§ MATERIAL PROVIDED:
........

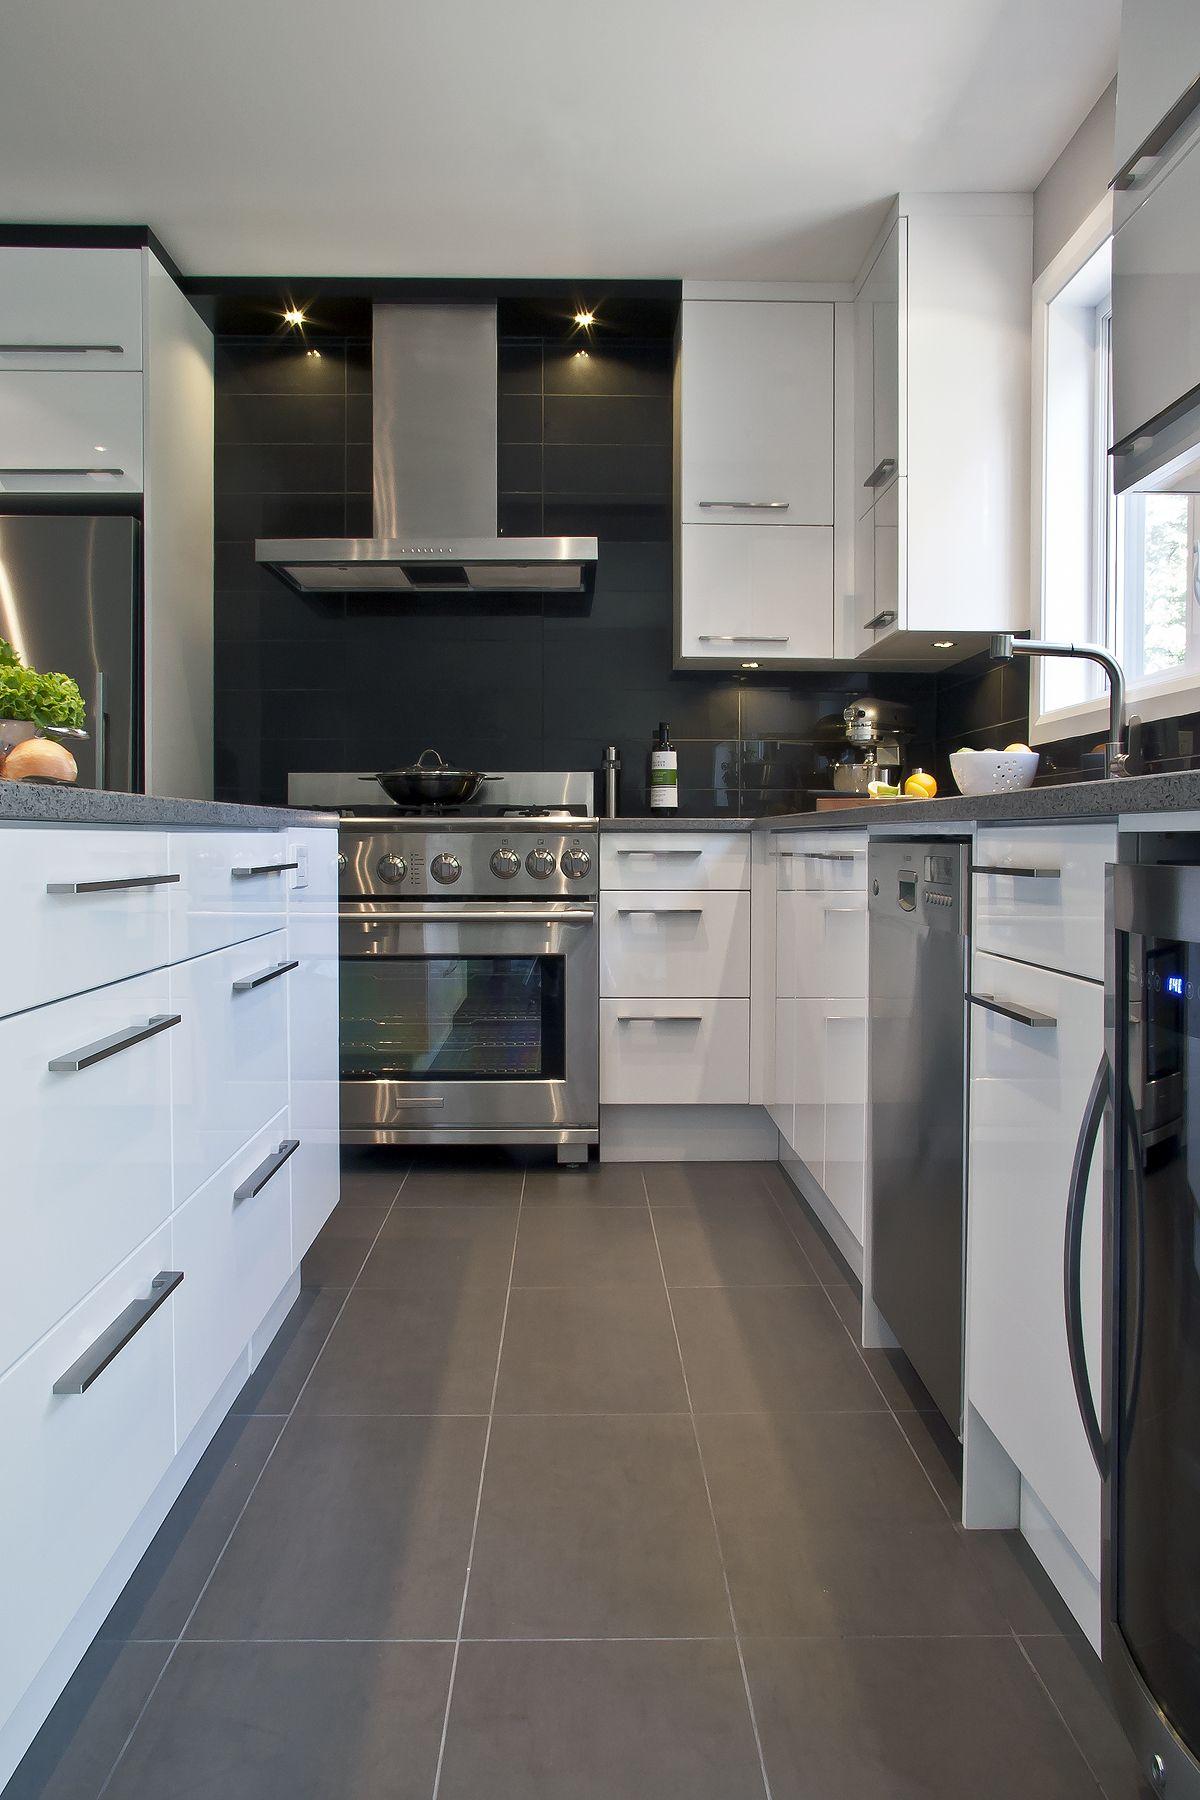 cuisine contemporaine dans une construction neuve thermo. Black Bedroom Furniture Sets. Home Design Ideas
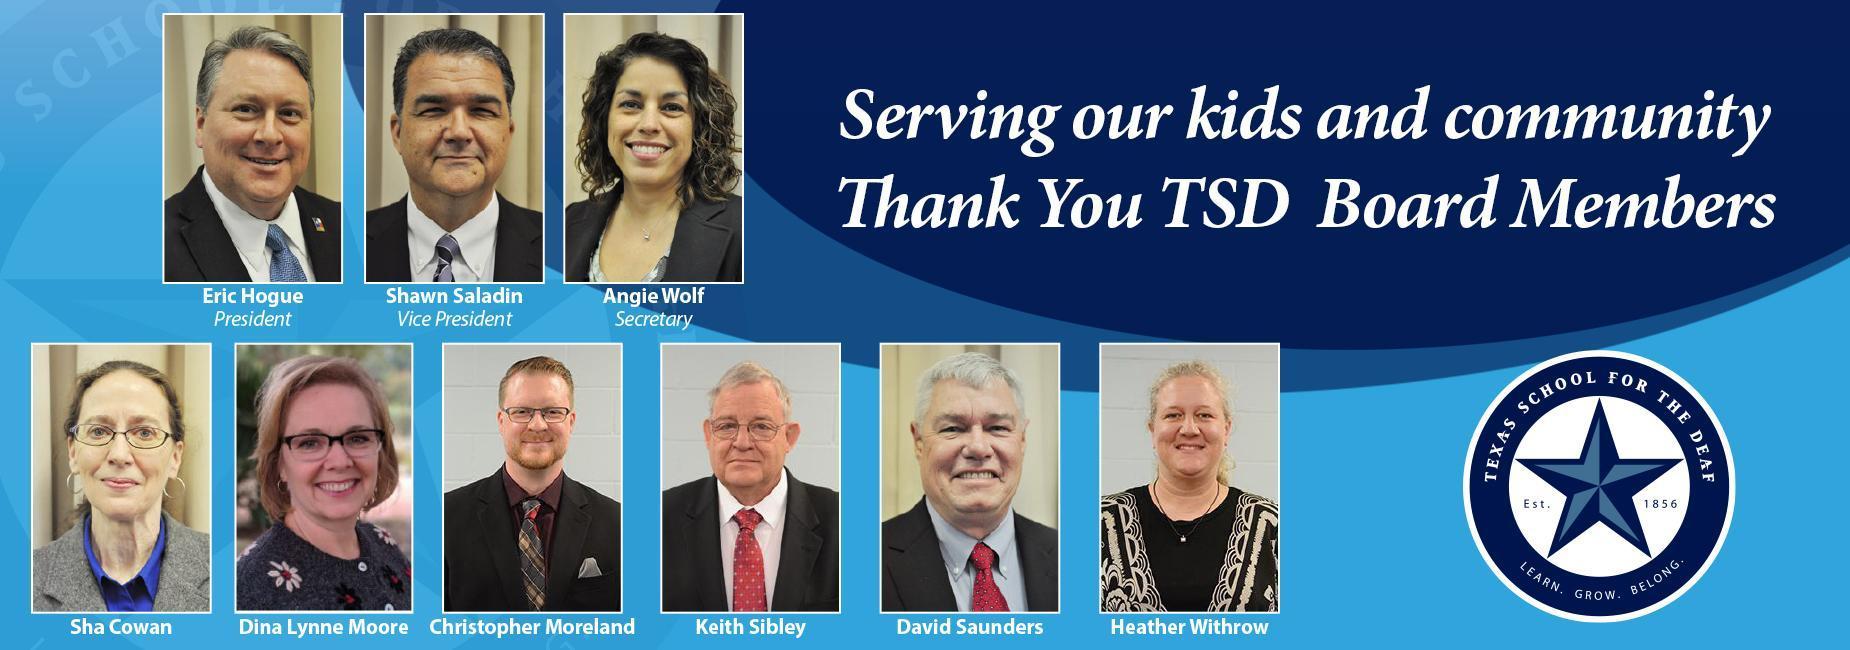 TSD Board
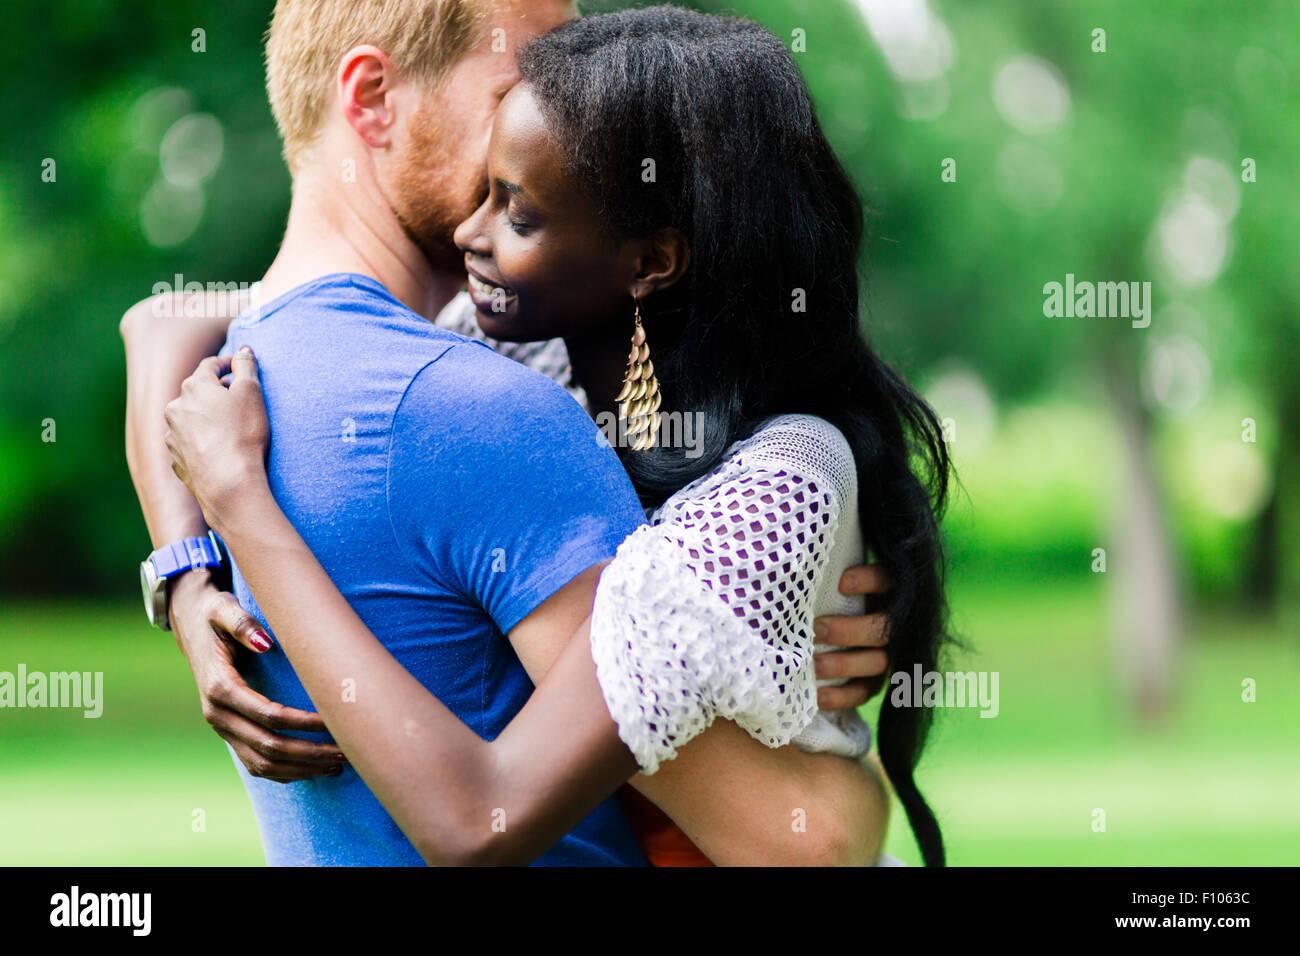 Matura in amore abbracciando pacificamente all'aperto e di essere veramente felici. Sensazione di sicurezza Immagini Stock

........

Return every line above word for word, minus images.

§ THE COMPLETED TASK:
 cuisine contemporaine dans une construction neuve thermo. Black Bedroom Furniture Sets. Home Design Ideas
 TSD Board
 Matura in amore abbracciando pacificamente all'aperto e di essere veramente felici. Sensazione di sicurezza Immagini Stock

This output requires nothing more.